Mendelian randomization analysis identifies plausible causal protein markers for neuro-related phenotypes

In order to make statements on potential causality from the proteins to complex traits and diseases, we focused on the genetic associations at the cis-pQTL, which provide strong and most likely valid genetic instruments in Mendelian randomization (MR) analysis. We first considered the 152 neuro-related traits whose GWAS summary statistics are available through LD-Hub38 as the out come data. We performed an inverse-variance weighted (IVW) two-sample MR analysis using the 886 LD-pruned genetic instruments across the 117 cis-pQTL on the 152 phenotypes. With a false discovery rate 5% threshold, we obtained 24 significant potential causal associations for 13 proteins on 22 traits, where three proteins are currently druggable targets (Fig. 2, Supplementary Table 5).
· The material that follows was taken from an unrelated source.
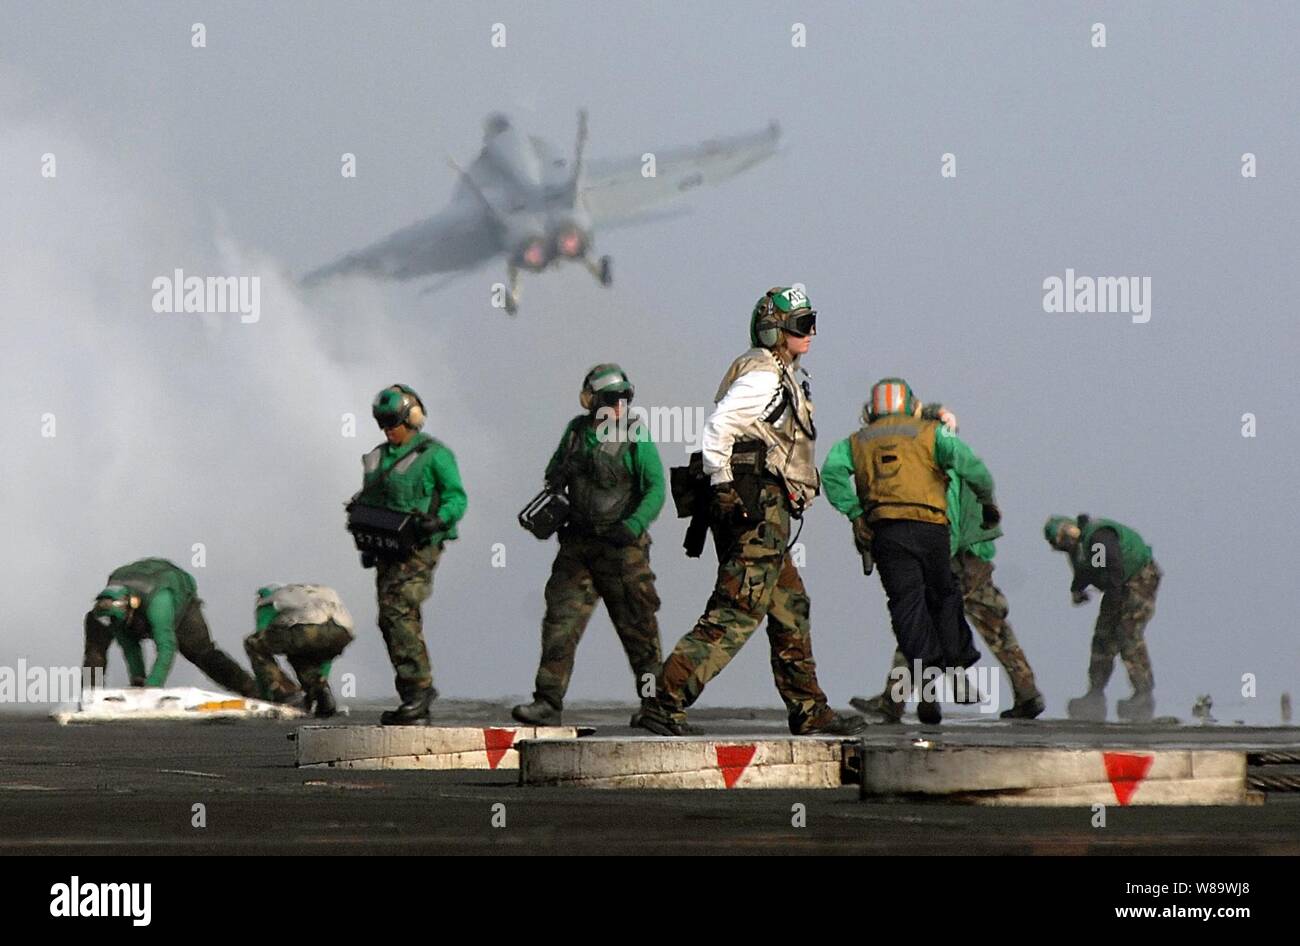 U.S. Navy flight deck personnel prepare to launch the next aircraft in the launch cycle after successfully catapulting an F/A-18 Hornet aircraft from the aircraft carrier USS Harry S. Truman (CVN 75) during flight operations in the Persian Gulf on March 26, 2008.  Truman and embarked Carrier Air Wing 3 are deployed supporting Operations Iraqi Freedom, Enduring Freedom and maritime security operations. Stock Photo

Figure 2: Causality between the proteins and neuro-related phenotypes inferred by Mendelian randomization (MR) analyses.

Figure 2:

The forest plot shows the significant MR results (false discovery rate < 0.05) based on LD-pruned (r2 < 0.001) instrumental variants within each cis-pQTL. Inverse-variance weighted (IVW) estimates are provided as the solid round dots, and the whiskers indicate 95% confidence intervals. The numbers of instrumental variants in the cis-pQTL are given to the right of the whiskers. As a colocalization measure, the HEIDI (heterogeneity in dependent instruments) test evidence (p > 0.05) are given as the diamonds, where the largest diamonds correspond to a p-value of 1. The upper part of the plot shows the results where the proteins are known druggable targets, while the lower part shows the results for new protein targets.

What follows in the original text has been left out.